И в тот же миг по меньшей мере полдюжины братьев отрезали Харрису путь к бегству. Брат Шлиман проворно пересек комнату и встал перед ним. Видно было, что настроен он весьма решительно — лицо его приняло злобное, угрожающее выражение.

— Вы оказались здесь отнюдь не случайно, брат Харрис, — громко возгласил он. — Я не сомневаюсь, что все мы правильно поняли цель вашего визита. — И он многозначительно приподнял свои черные брови.

— Нет, нет, — поспешил с ответом англичанин. — Я был… я рад, что побывал здесь. Я уже говорил, какое удовольствие доставило мне общение с вами. Прошу, поймите меня правильно…

Голос его дрогнул, теперь он с трудом подбирал слова. Более того, с трудом понимал и их речи.

— Разумеется, мы все правильно поняли, — вмешался брат Калькман своим скрипучим басом. — Вы явились сюда как воплощение духа истинного, бескорыстного самопожертвования. Вы предлагаете себя по доброй воле, и мы это ценим. Именно ваша добрая воля и благородство полностью завоевали наше уважение, и тот почет… — В комнате послышался негромкий гул одобрения. — Мы восхищены — и особенно Великий Хозяин — вашей бескорыстной и добровольной…жертвой.

Тут Калькман — лицо его выражало совершенную непреклонность — тихо произнес какую-то фразу, которую Харрис не расслышал, и стоявшие у стен братья тотчас подкрутили в керосиновых лампах фитили. В полутьме Харрис теперь едва мог различать лица.

— Пора! — услышал он беспощадный голос Калькмана. — Скоро полночь. Готовьтесь же к приходу брата Асмодея[105] — он идет, он идет!

И это прозвучало как песнопение.

Произнесенное имя повергло Харриса в панический ужас: он дрожал с головы до ног. Как удар грома было это имя; гром отгремел — и воцарилась гробовая тишина. Магические силы на его глазах преображали привычный обыденный мир в кошмарный хаос; Харрис почувствовал, что вот-вот потеряет сознание.
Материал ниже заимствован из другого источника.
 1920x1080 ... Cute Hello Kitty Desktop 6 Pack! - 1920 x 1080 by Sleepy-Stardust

Асмодей! Асмодей! От этого имени стыла в жилах кровь. Наконец-то Харрис понял, кому оно принадлежит.

Харрис хотел попробовать еще раз пробиться к двери, но куда там — ноги не слушались, а черные фигуры с таким решительным видом преграждали ему путь, что он тут же оставил это свое намерение. Следующим его побуждением было позвать кого-то на помощь, но, вспомнив, что здание школы стоит на отшибе и что, кроме них, здесь никого нет, он отказался и от этого намерения. Ну что же, делать нечего придется смириться, по крайней мере он теперь знал, что ему угрожает.
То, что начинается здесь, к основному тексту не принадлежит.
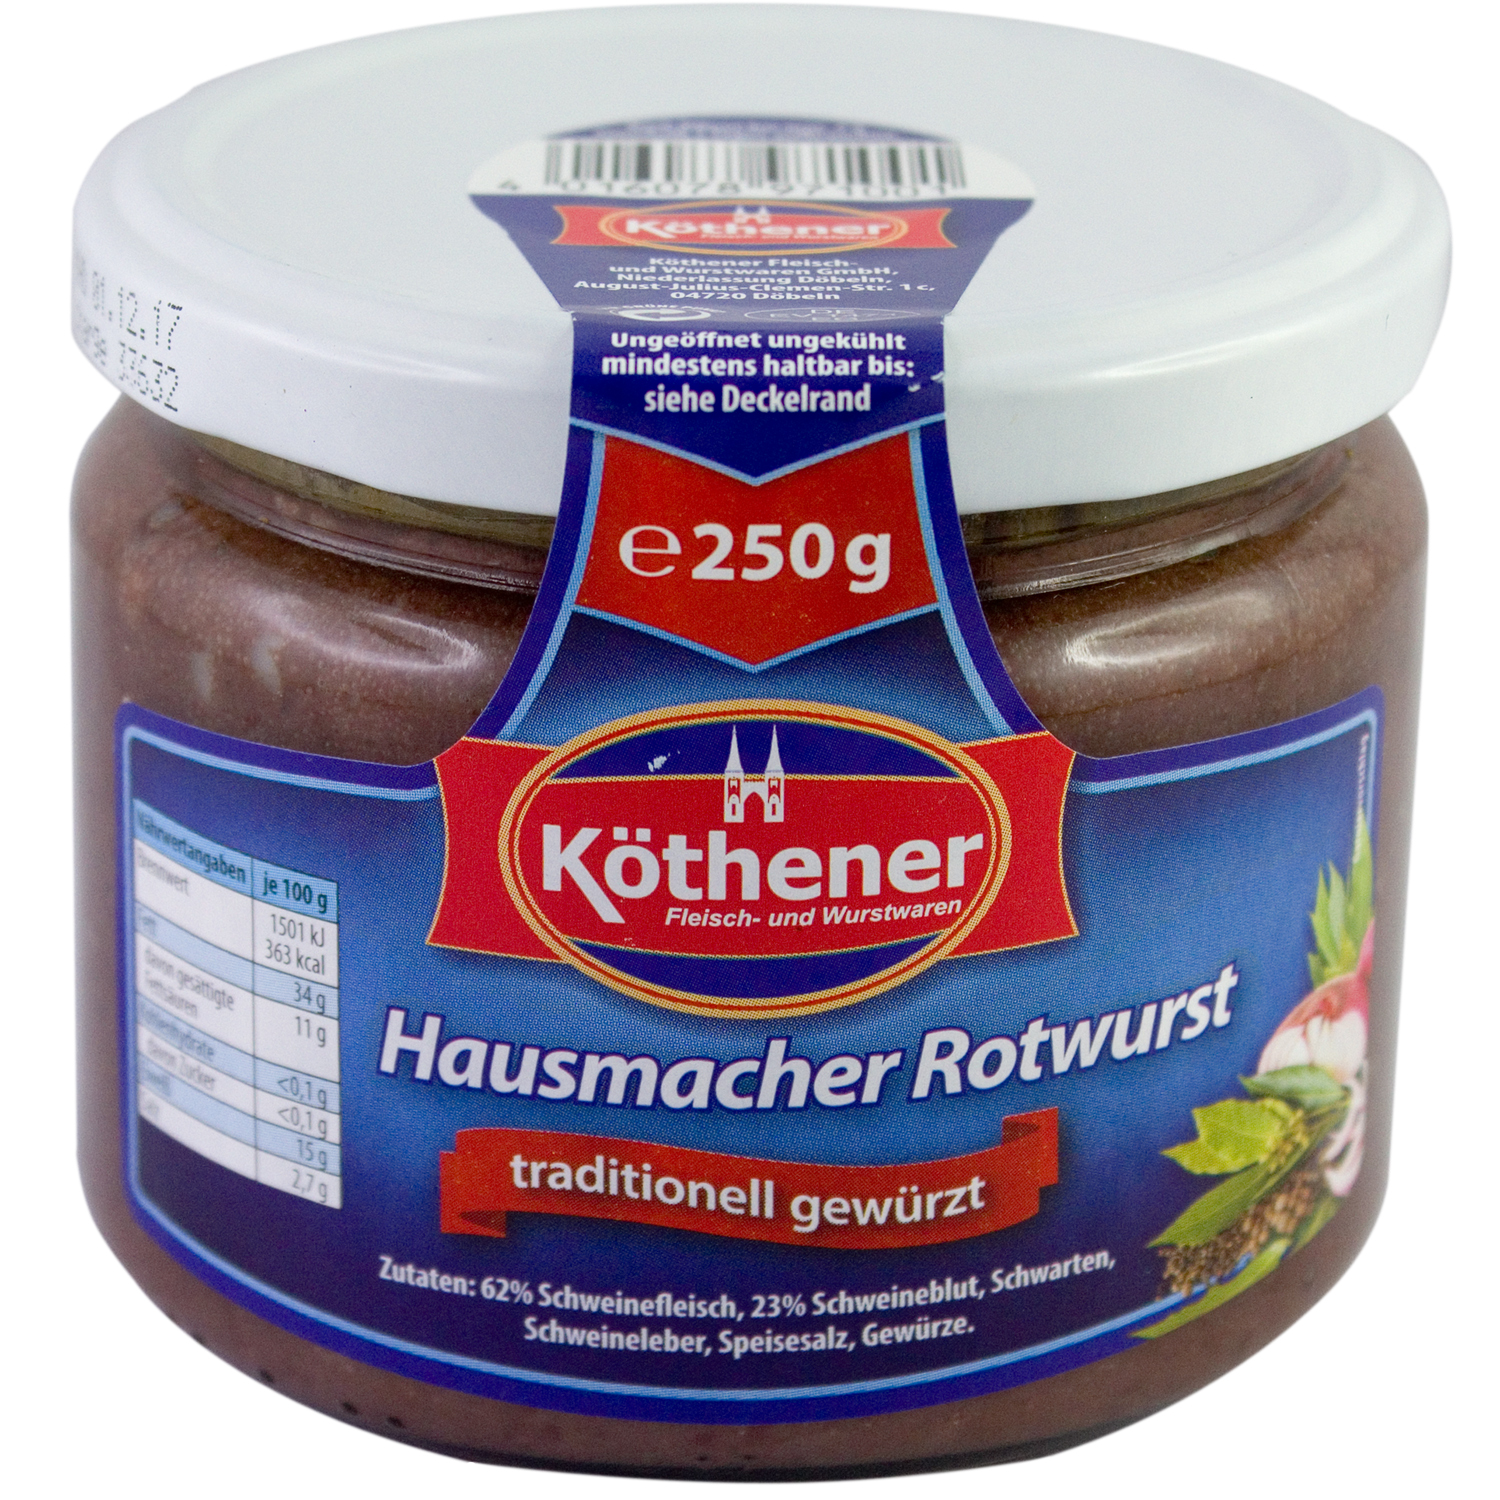 Ossikiste.de | Köthener Hausmacher Rotwurst 250g Glas | online kaufen

Двое братьев бережно взяли его за руки.

— Брат Асмодей призывает тебя, — шепнули они. — Но готов ли ты?

Обретя наконец дар речи, Харрис пробормотал:

— Какое отношение имею я к брату Асм… Асмо… — Он запнулся и не мог больше вымолвить ни звука — уста отказывались произнести это имя. Он просто не мог его выговорить.

«Я пришел сюда с дружеским визитом», — хотел он сказать, но, к своему крайнему удивлению, с его губ сорвались совсем другие слова, одним из которых было то самое упорно не желавшее всплывать в памяти:

— Я явился сюда как добровольная жертва и готов к закланию…
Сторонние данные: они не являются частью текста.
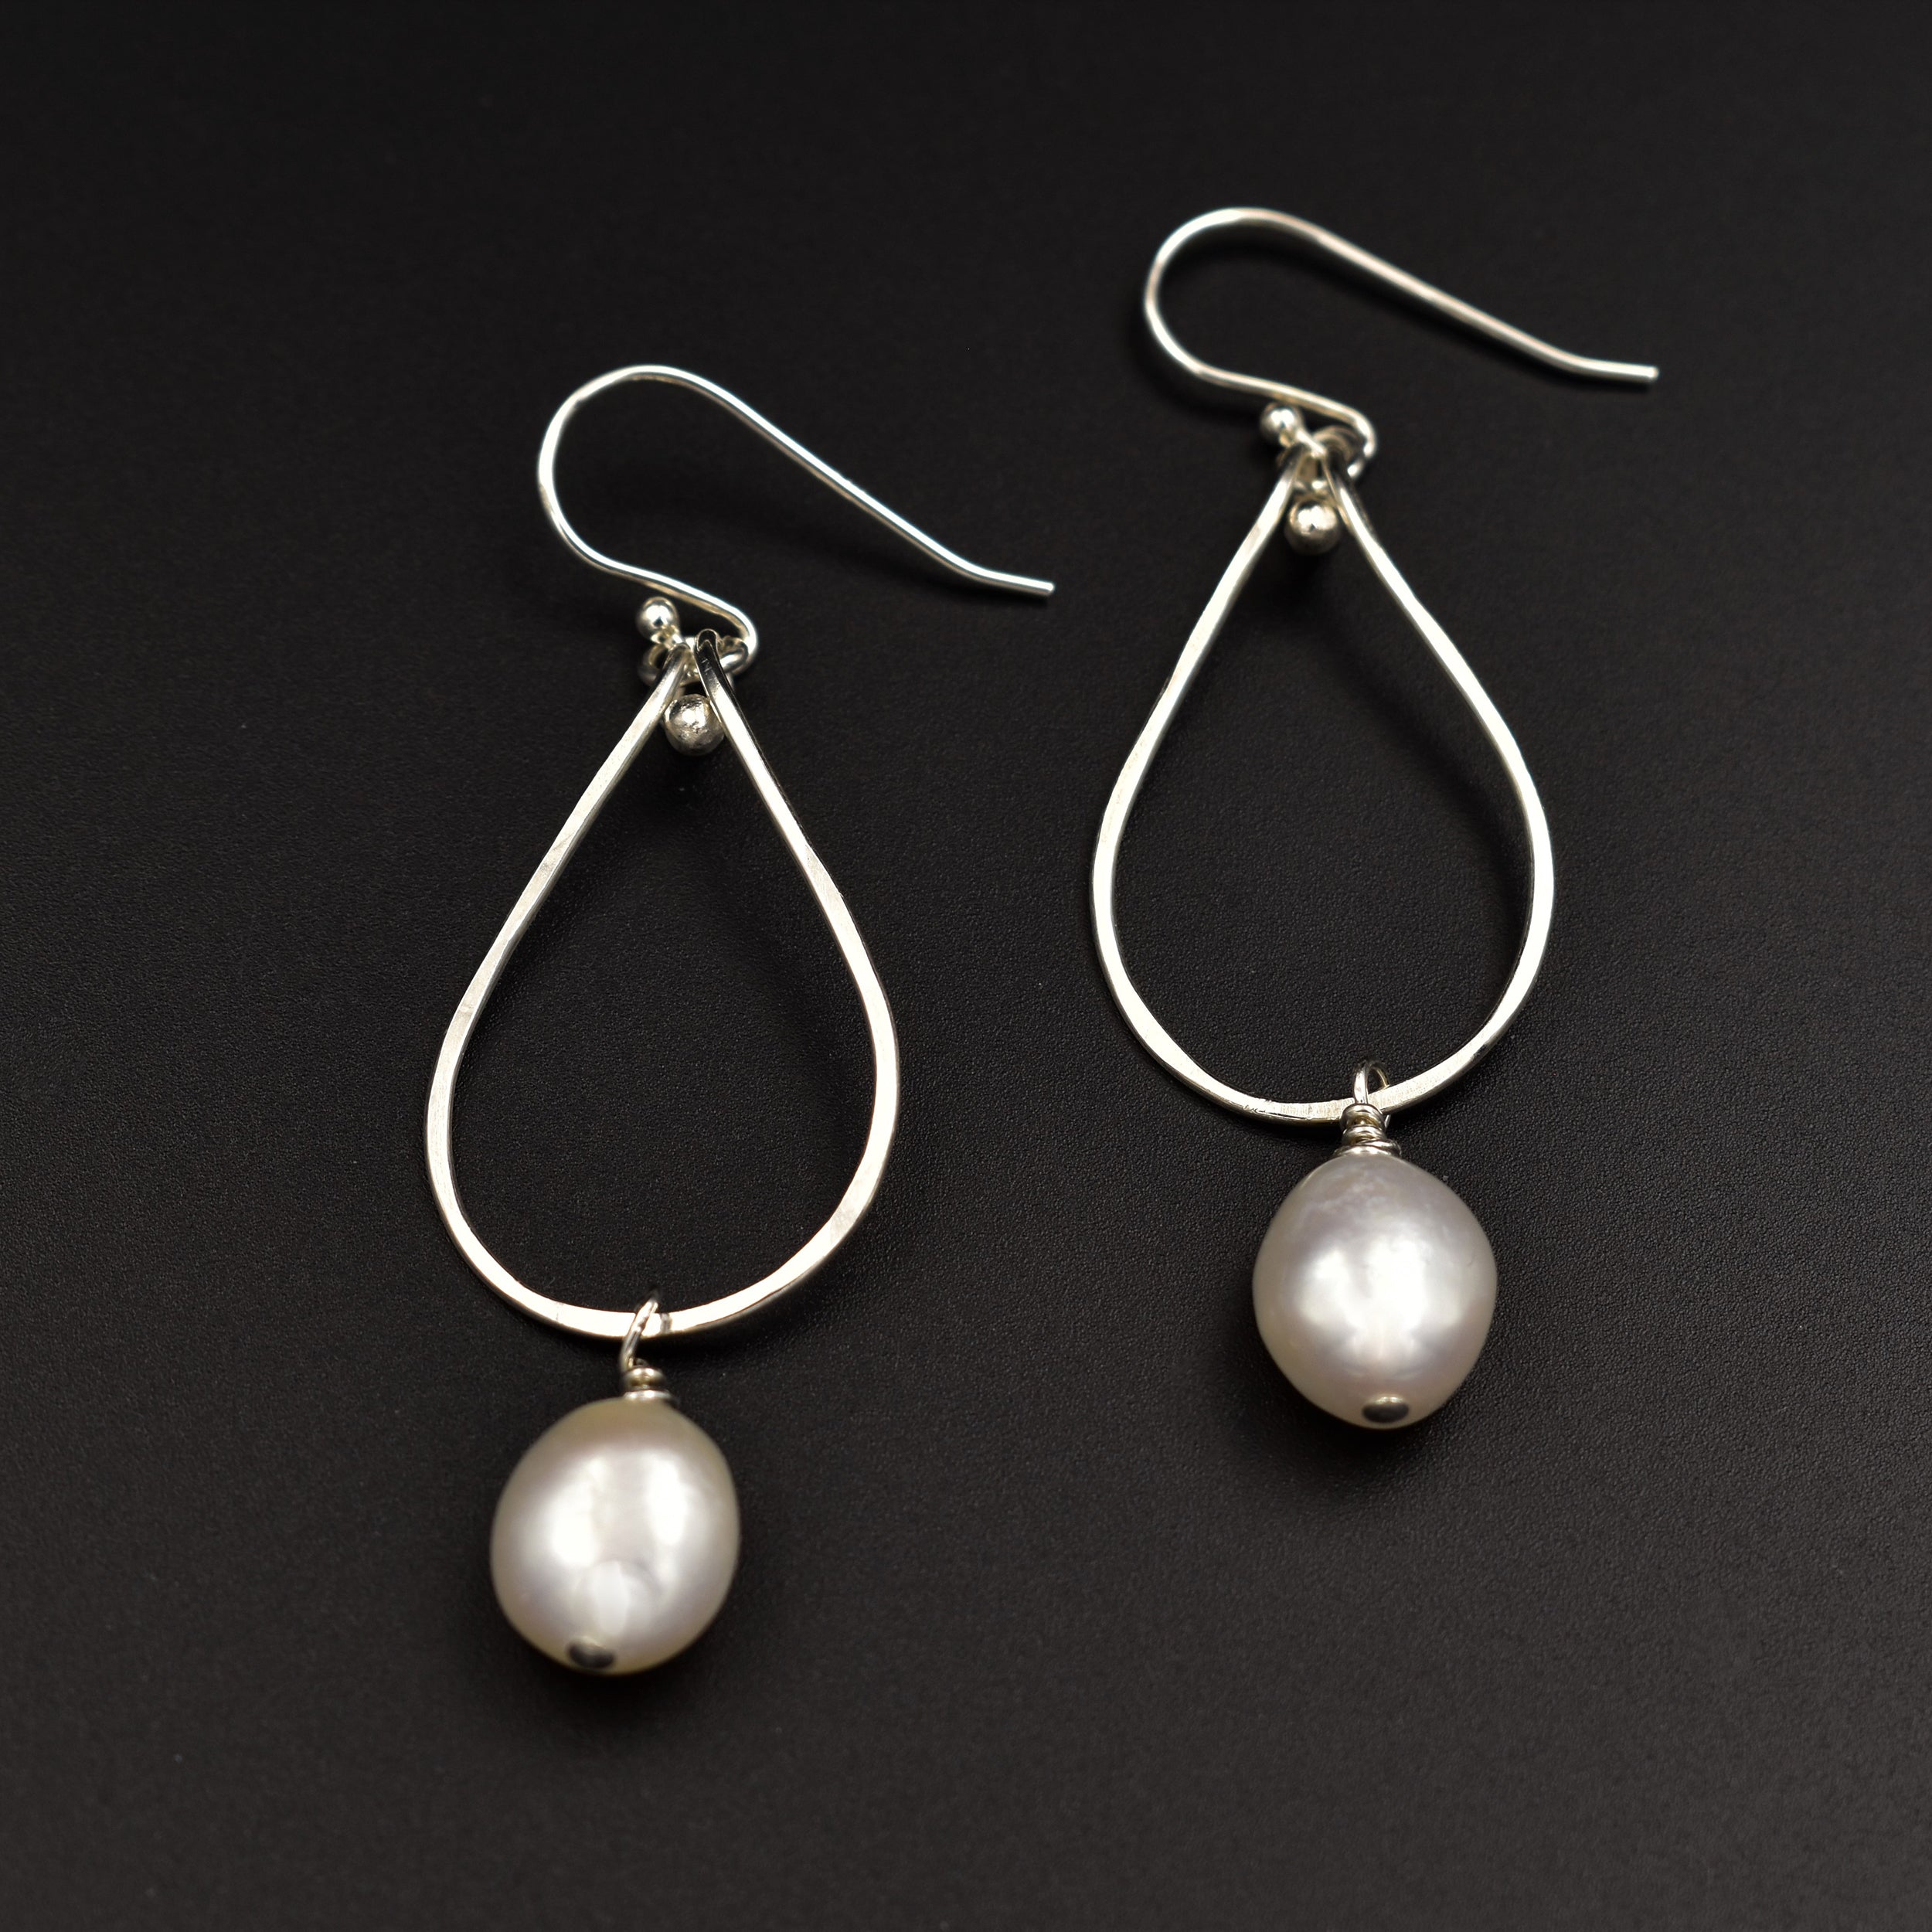 Moonlight Cascade Earrings - White Pearls

Вот теперь он окончательно погиб! Не только мозг, но и все мышцы отказывались ему повиноваться. Харрис чувствовал, что находится у самого входа в мир фантомов, или демонов, поклоняющихся Всемогущему Повелителю, имя которого братья с таким трепетом произносят.

Все дальнейшее происходило как в кошмарном сне.

— В том тумане, который застилает наши лики пред Черным троном, приготовим добровольную жертву, — откликнулся басом Калькман.

Братья замерли, прислушиваясь к могучему, похожему на рев пролетающих снарядов, звуку, который ширился и рос вдалеке…

— Он идет! Он идет! Он идет! — хором возгласили братья.

Неистовый рев внезапно прекратился, повсюду распространились тишина и леденящий холод. И тогда Калькман — лицо у него было темное и беспощадное — повернулся к остальным.

— Асмодей, наш Верховный брат, уже совсем рядом, — объявил он вдруг звенящим, как сталь, голосом.

Некоторое время все стояли молча — никто не шевельнулся, никто не проронил ни звука. Затем один из братьев приблизился было к англичанину, но Калькман предостерегающе поднял руку:

— Не завязывайте ему глаза — он добровольно приносит себя в жертву и потому заслуживает такой чести.

Только тут Харрис, к своему ужасу, осознал, что руки его уже связаны.

Брат молча отошел прочь; окружающие опустились на колени, в экстазе выкликая имя существа, появления которого они так ждали. Остался стоять только Харрис.

С омерзением и страхом внимая их громким призывам, он вдруг увидел, что стена в дальнем конце комнаты исчезла и на фоне усыпанного звездами ночного неба проступил контур исполинской человеческой фигуры. Облитая тусклым сиянием, она походила на статую в стальных латах, подавляющую своим величием и великолепием. Фигура высилась так недоступно далеко, что определить истинные ее размеры было невозможно, и в то же время она казалась странно близкой, так что тусклое сияние, исходившее от скорбного и грозного лика, проникало прямо в душу оцепеневшему Харрису.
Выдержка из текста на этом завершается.